## WORK TASK:
There is material below. Print exactly the lines starting at the line with "Hen Parties at Fever Exeter" and ending at the line with "Black Caramel Brown", ends included, and no others.

## DATA EXTRACT:

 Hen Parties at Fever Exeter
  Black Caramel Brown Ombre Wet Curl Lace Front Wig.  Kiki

---

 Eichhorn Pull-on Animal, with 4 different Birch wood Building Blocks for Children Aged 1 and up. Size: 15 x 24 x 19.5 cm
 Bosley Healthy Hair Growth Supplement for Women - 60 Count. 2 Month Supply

---

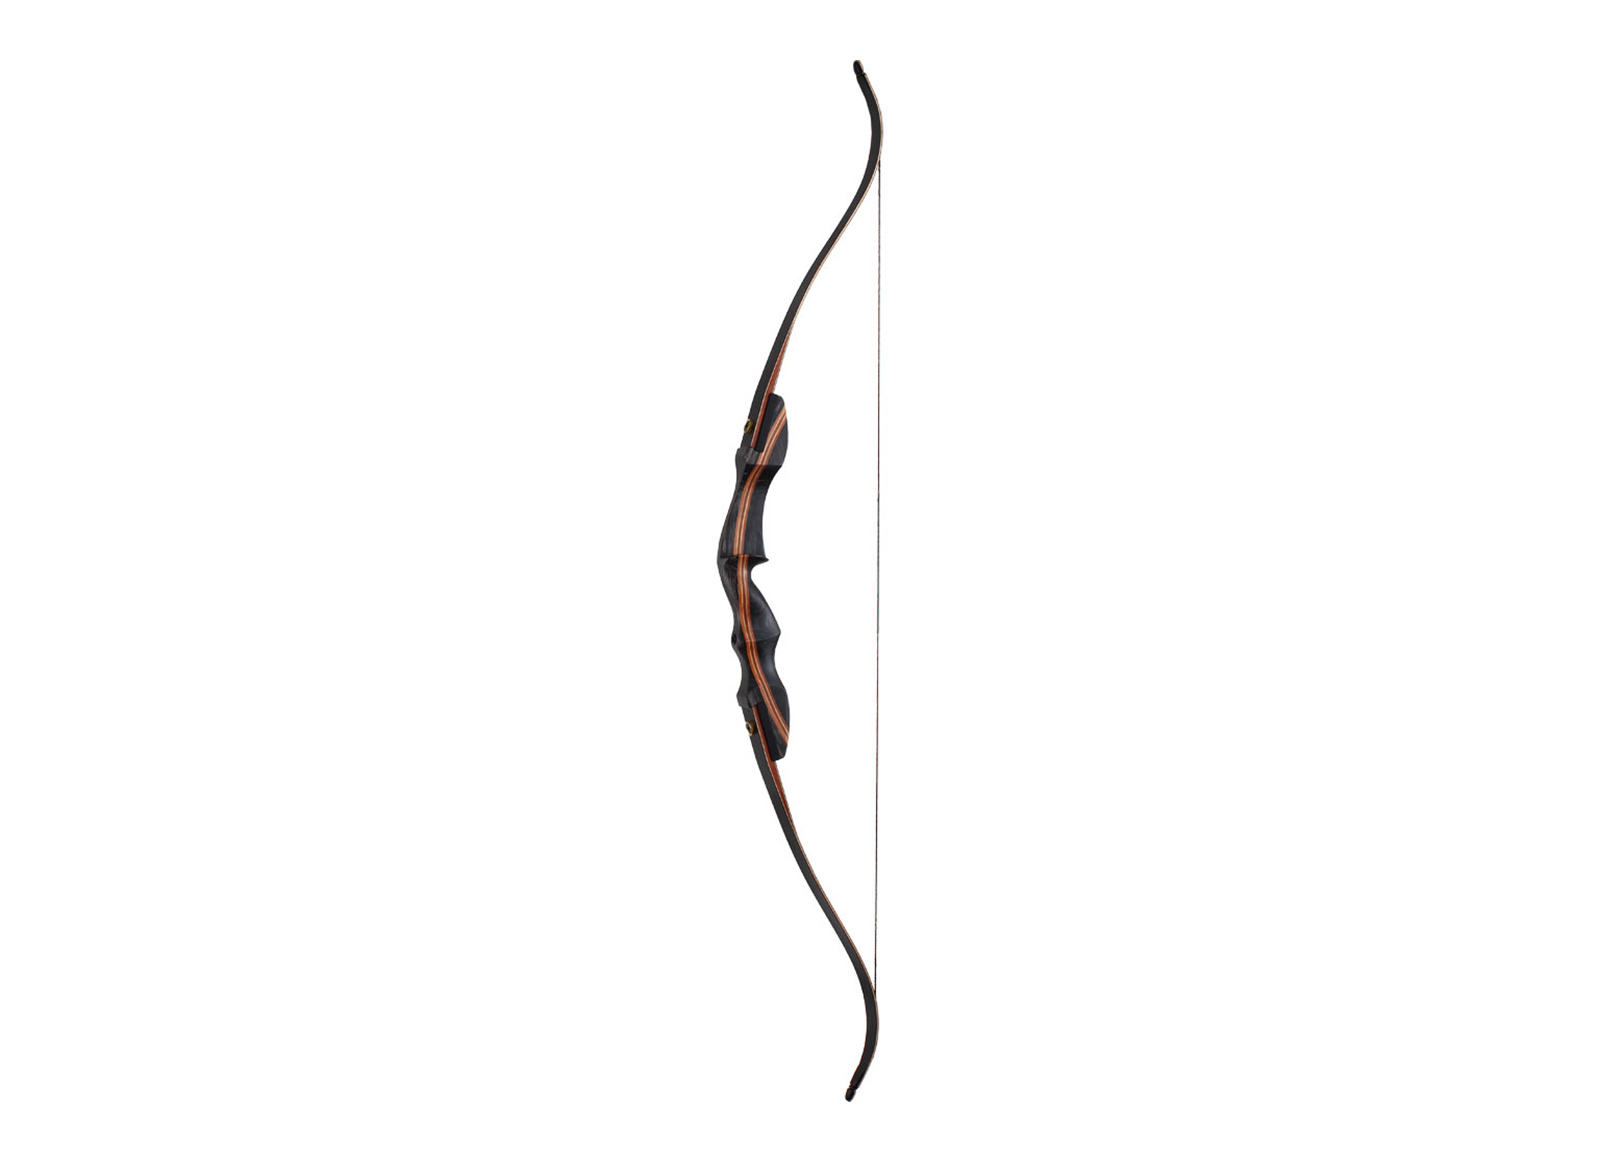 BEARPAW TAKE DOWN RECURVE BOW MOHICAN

## FINISHED TASK:
 Hen Parties at Fever Exeter
  Black Caramel Brown Ombre Wet Curl Lace Front Wig.  Kiki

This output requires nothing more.